= YOUR GOAL =
Restate all the data word for word and omit the pictures.

= DATA =
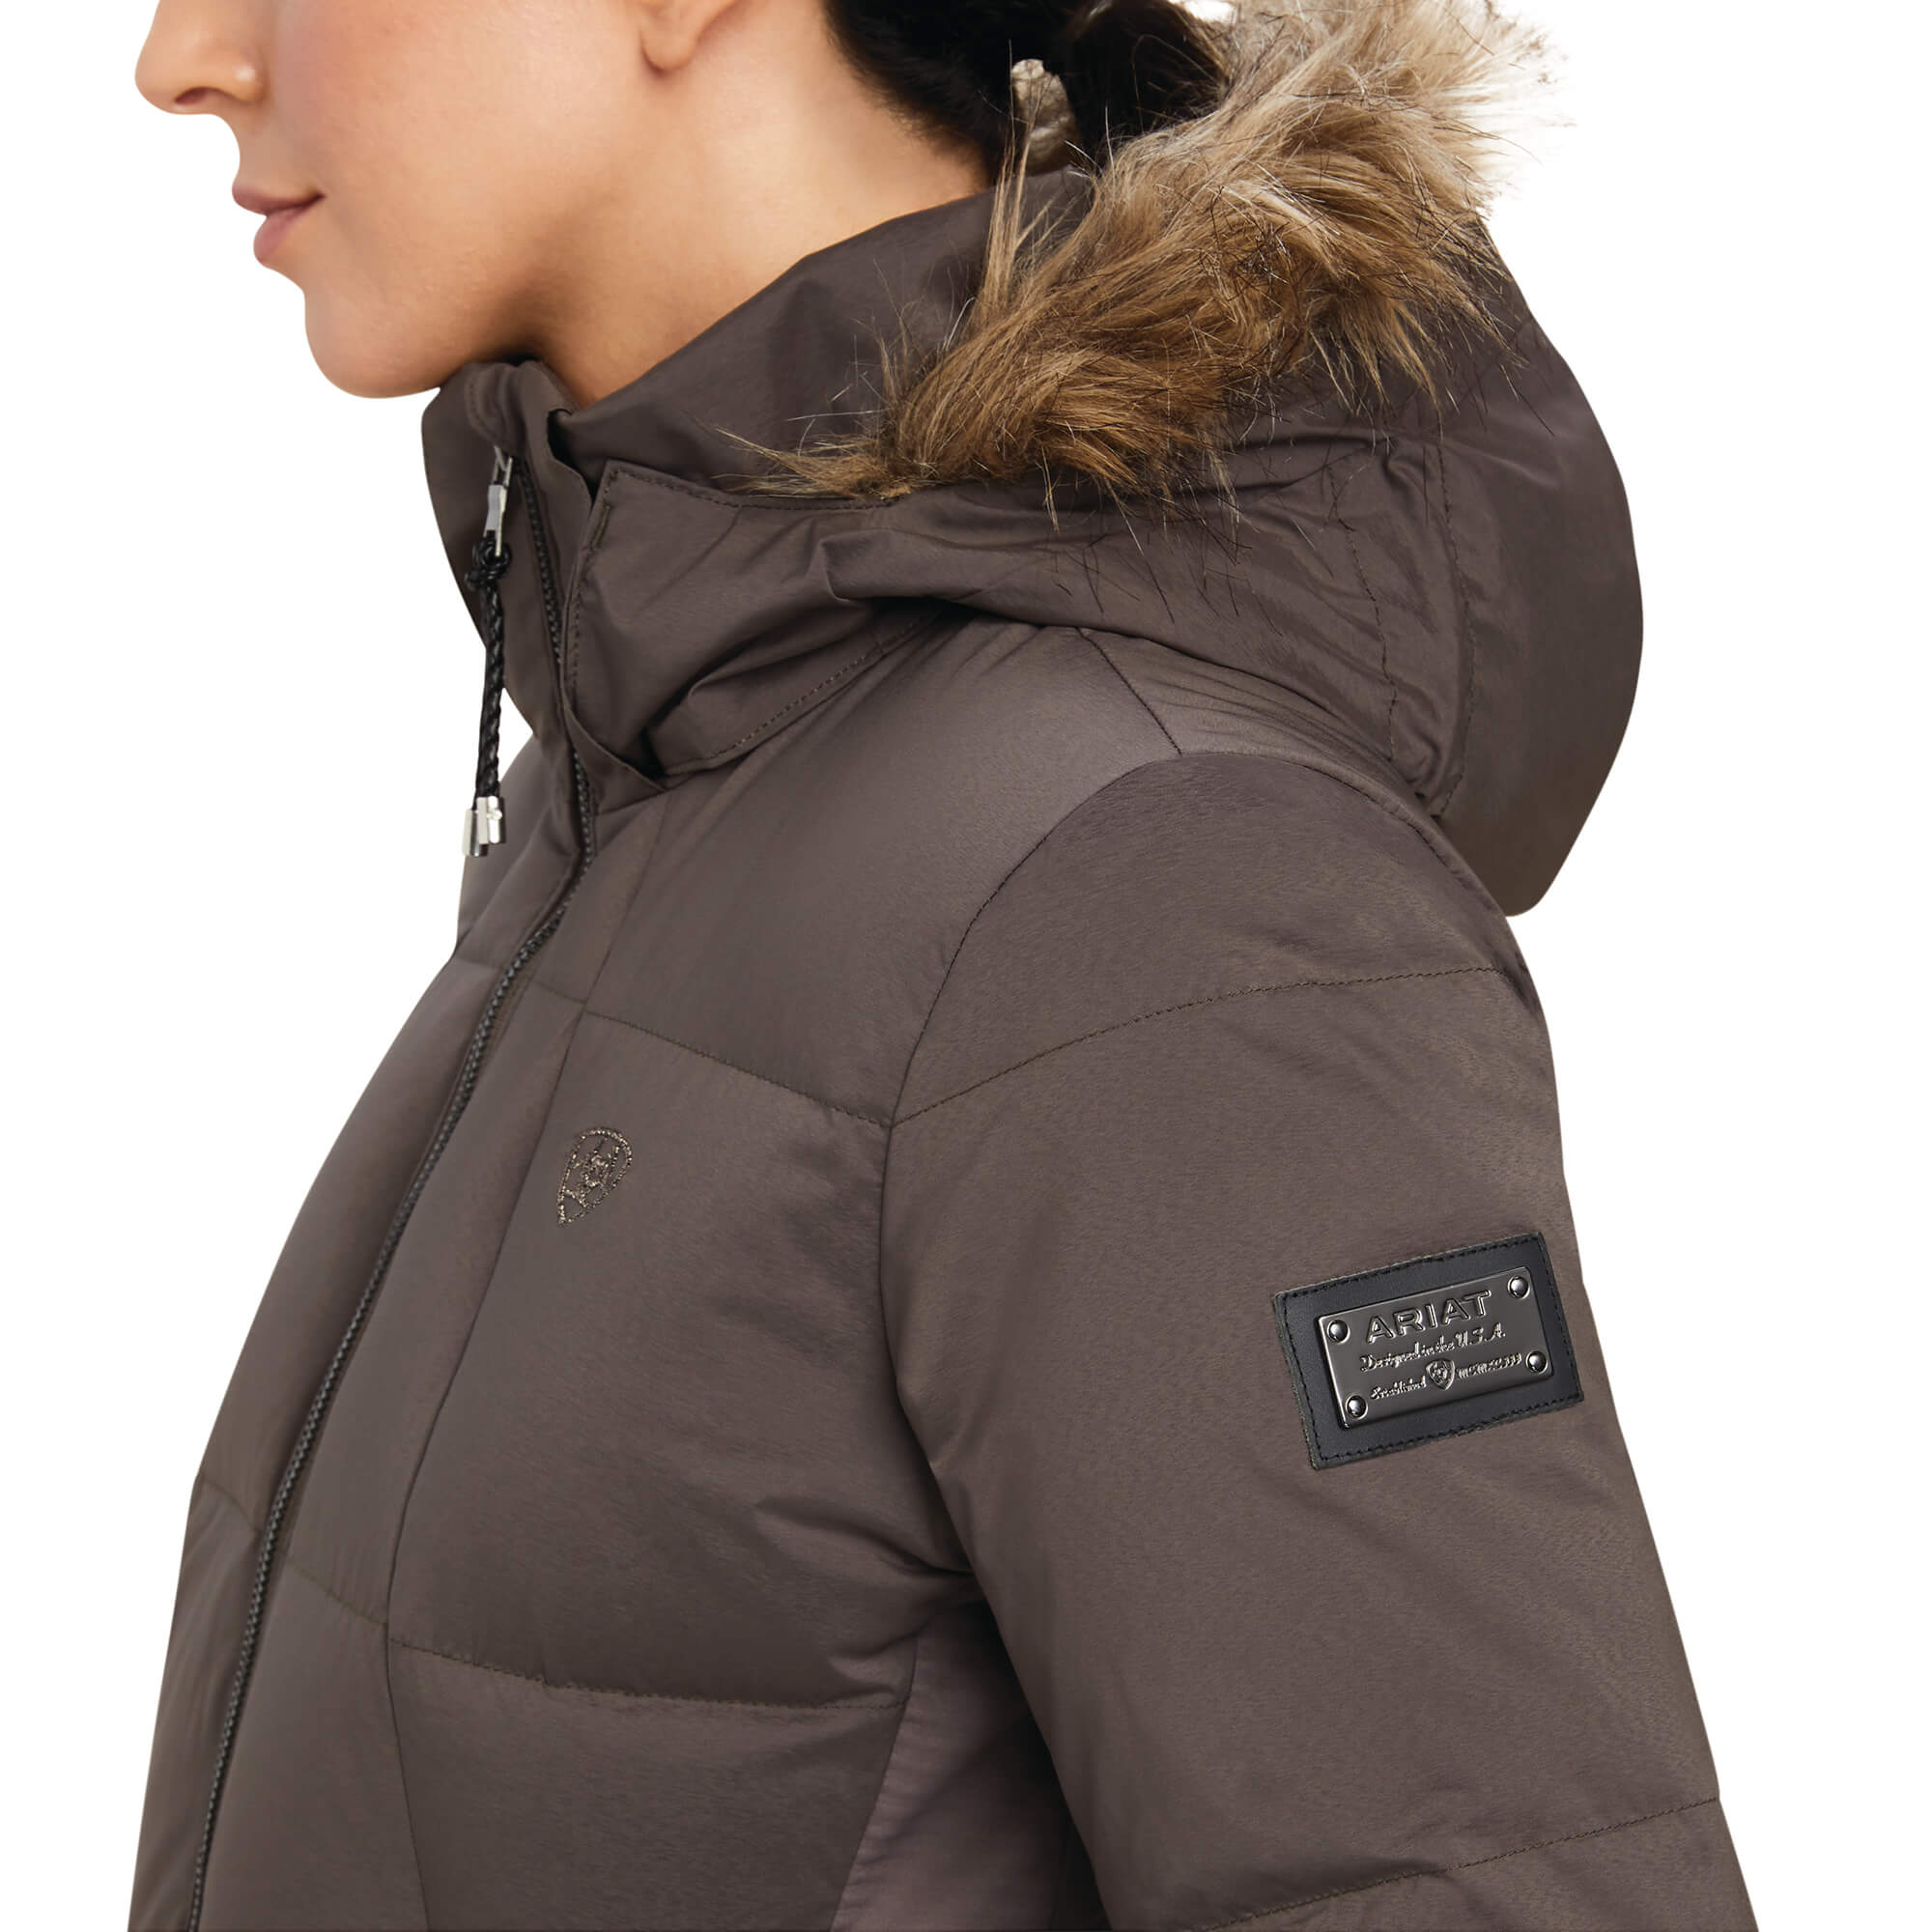 Ariat Women's Altitude Jacket - Bark
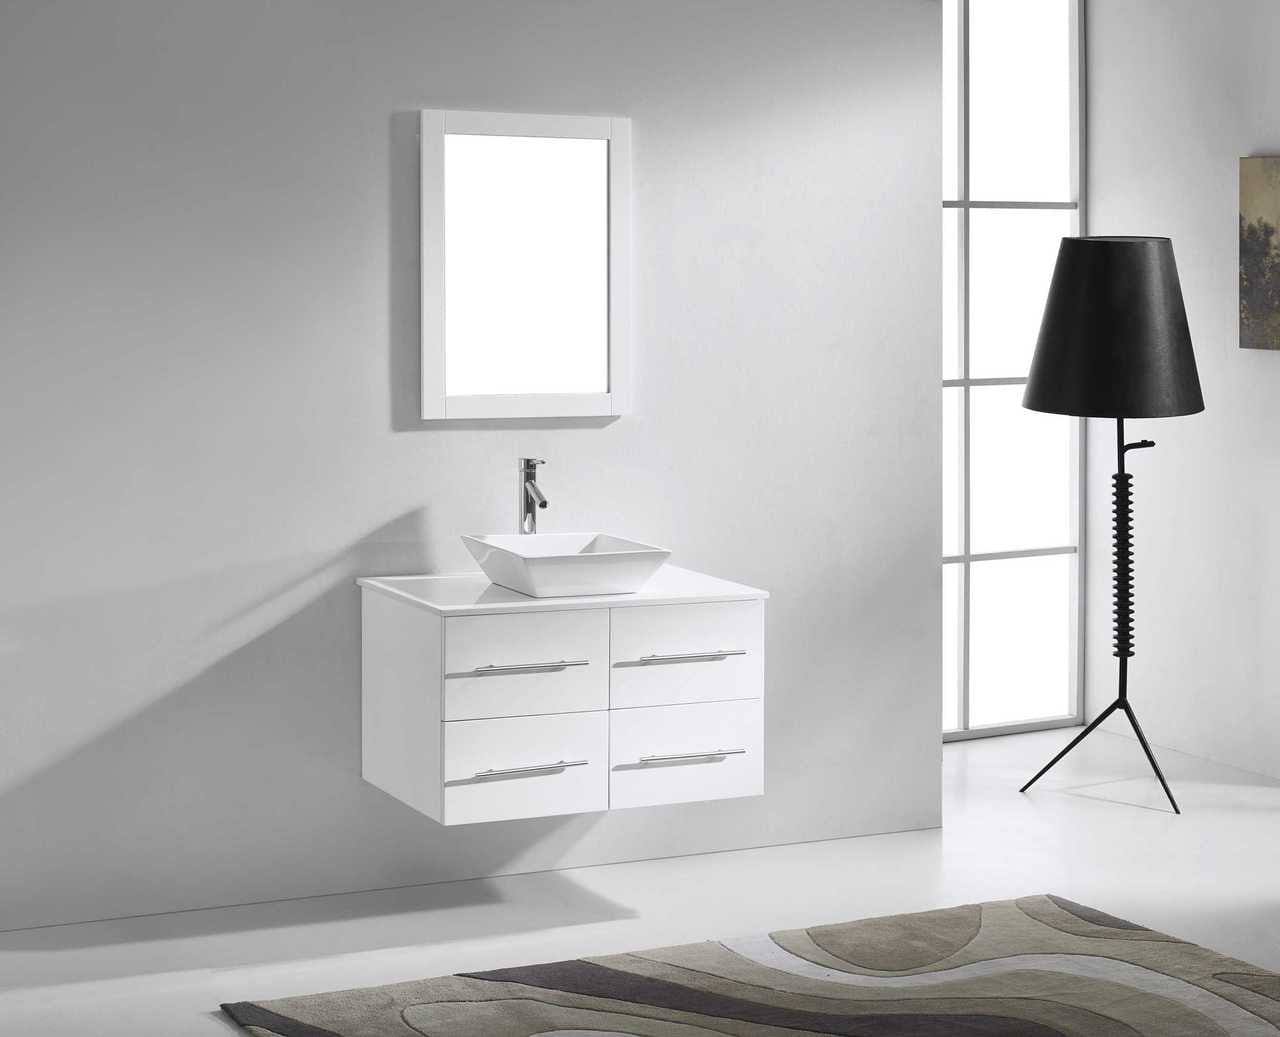 Virtu USA Marsala 35 Single Bathroom Vanity Set in White
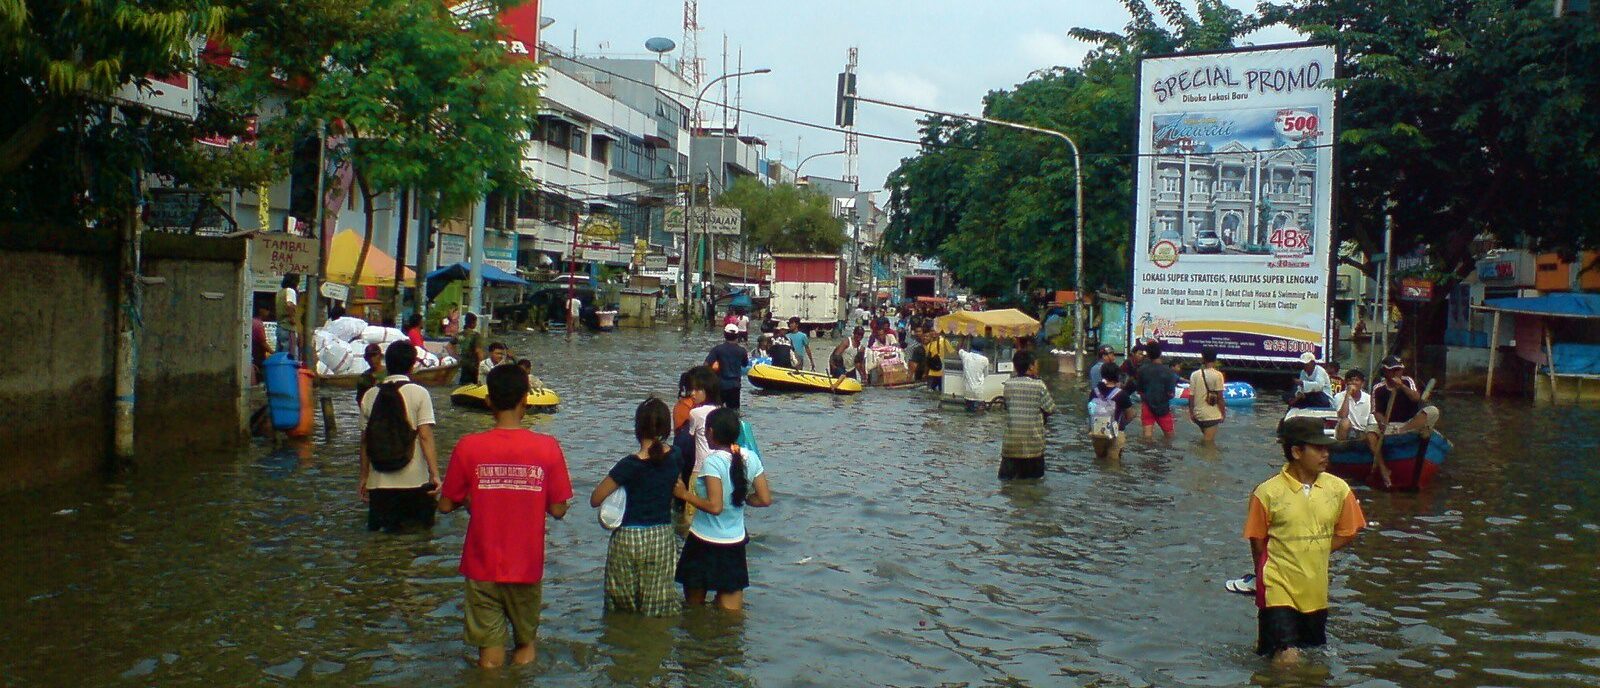 Le cyclone Seroja a provoqué des inondations massives en Indonésie | (photo: inondations à Jakarta en 2007) © Charles Wiriawan/Flickr/CC BY-NC-ND 2.0

= WRITTEN RESPONSE =
 Ariat Women's Altitude Jacket - Bark
 Virtu USA Marsala 35 Single Bathroom Vanity Set in White
 Le cyclone Seroja a provoqué des inondations massives en Indonésie | (photo: inondations à Jakarta en 2007) © Charles Wiriawan/Flickr/CC BY-NC-ND 2.0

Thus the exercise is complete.